The Tutor should provide the boy with strategies to help improve his confidence. They should lay foundations for successful self-study skills and incorporate a holistic approach to his education, including topics such as nutrition, health and wellbeing. Additional languages such as Latin, Mandarin, or another pictorial language would be welcomed.
This role needs a resourceful, intelligent and knowledgeable Tutor who is relaxed and easy-going whilst also being firm, encouraging and sensible. They should be detail orientated, meticulous in their planning and record keeping, able to provide evidence of the work covered should future school or applications require additional assurance that standards have been maintained.
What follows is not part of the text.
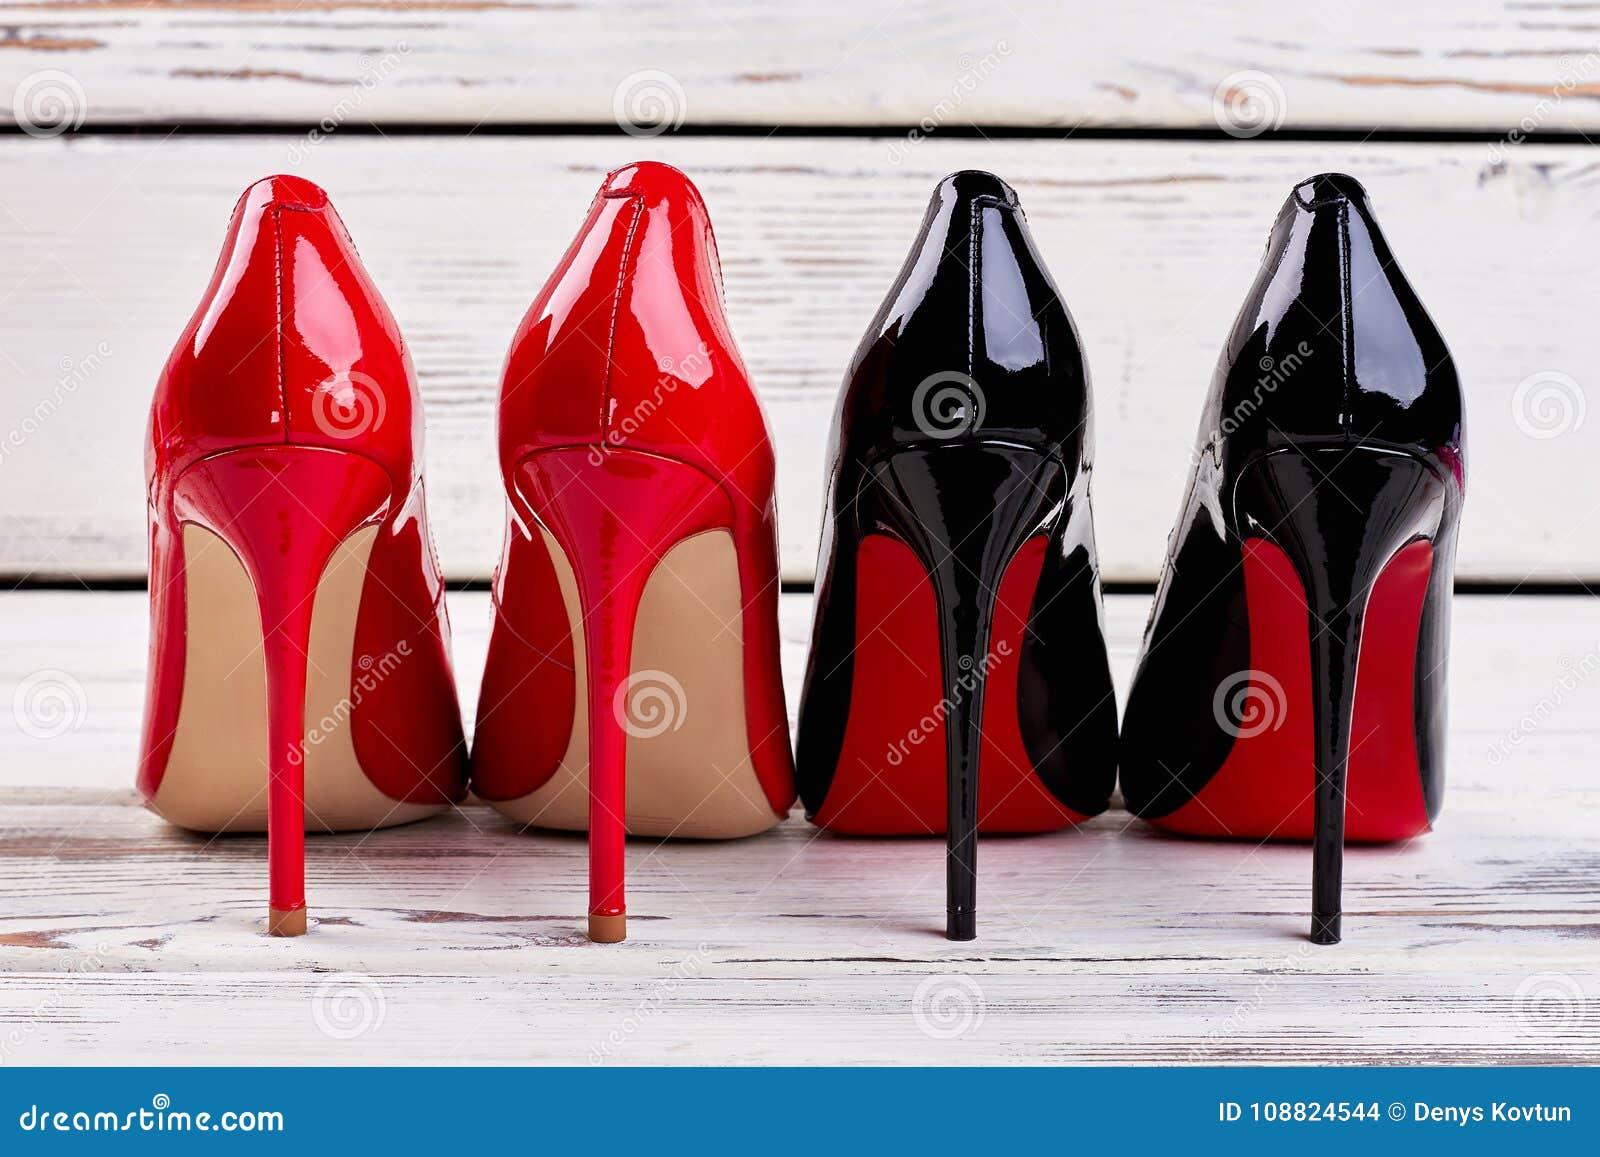 727dee56304 Κόκκινα και μαύρα παπούτσια αντλιών Στοκ Εικόνες - εικόνα από ...

The Tutor should have a global outlook, and should prepare the boy for the world in which he will be an adult. This could be done by of combination of embracing technology fully and equipping him with the resilience, determination and mental agility he will need for a world which could look quite different to the one which we are used to.
They should be a natural communicator with a caring disposition, and a firm-but-fair approach to their work. They should be open, honest and transparent in their motives. The Tutor should set a good example for both children and should remain professional and respectful of the family’s privacy at all times.
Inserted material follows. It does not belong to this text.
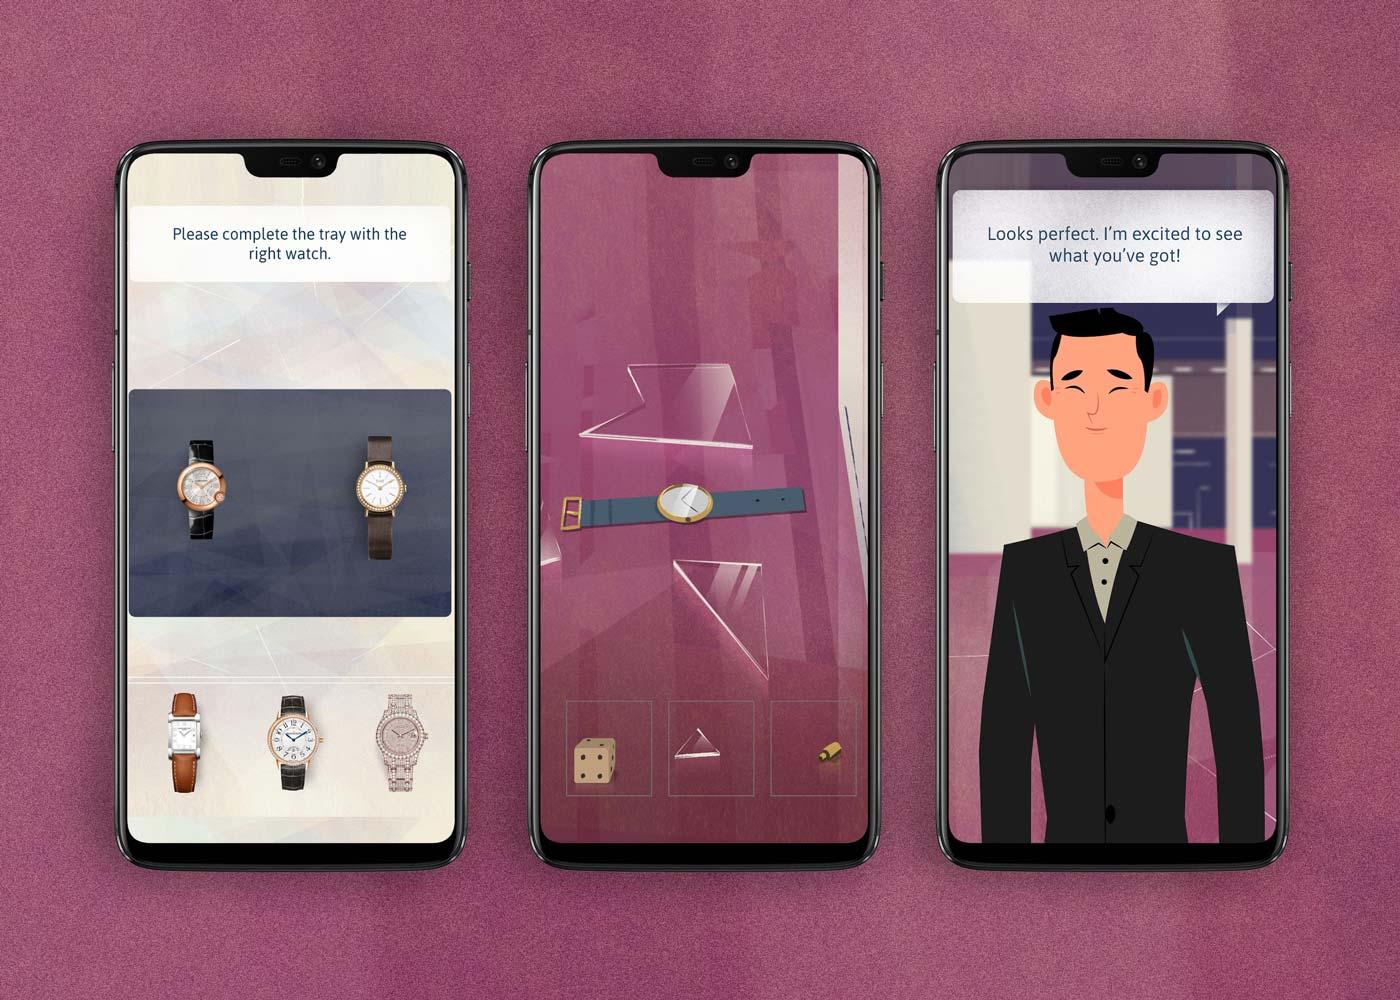 adesias-etude-de-cas-brand-richemont-mobile-learning-5

The role will initially be based in the US, mostly Florida, Colorado, and Texas. In May 2020, the family plan to take a 6-month tour of Asia, including destinations such as China, India, Fiji, Australia and periods at sea. The Tutor will travel with them, teaching both children for the duration, and using each location as a teaching resource. As they travel, the Tutor should be prepared to involve more people in their lessons should other children – or interested adults – be present. The Tutor should also vary the pace of their lessons to ensure a delineation between term-time and summer holidays.
While travelling, the Tutor should expect to stay with the children on average two evenings a week. About one weekend a month the Tutor will be with the children continuously from Friday to Monday in loco parentis. The Client will give as much notice as possible of when these will ‘long weekends’ will be, and will compensate the Tutor by giving them the next three days off. Any untaken leave accrued over this period will be compensated by payment in lieu at the standard daily contract rate.
Hours and Holidays
The Tutor will usually work on 5 days each week from Monday to Friday for an average of 40 hours with preparation time in addition. The Tutor will be entitled to at least nine weeks off per year. During the six-month period of travel, these hours will be variable and include an average of two evenings a week of light nanny duties, plus four-day weekends in loco parentis about once a month.
The Tutor should follow a structured timetable where possible but should adjust this to fit with the children’s needs. The Tutor must collaborate with the Client in overall child management responsibilities.
The Tutor should include physical activity each day, and should work around the boy’s existing commitments to local sports teams etc.
The Tutor will be provided with a furnished apartment, suitable for a single person, near to the family home in all US locations. When aboard a yacht, the Tutor will have his/her own berth.
During periods of travel, the Tutor may be housed in the family’s rented accommodation or a local hotel. The family will provide the Tutor with as separate accommodation as the location allows.
The successful candidate will be an excellent educator and a good role model: well polished, with excellent manners and personal values.
The Tutor should be fit and healthy, a non-smoker.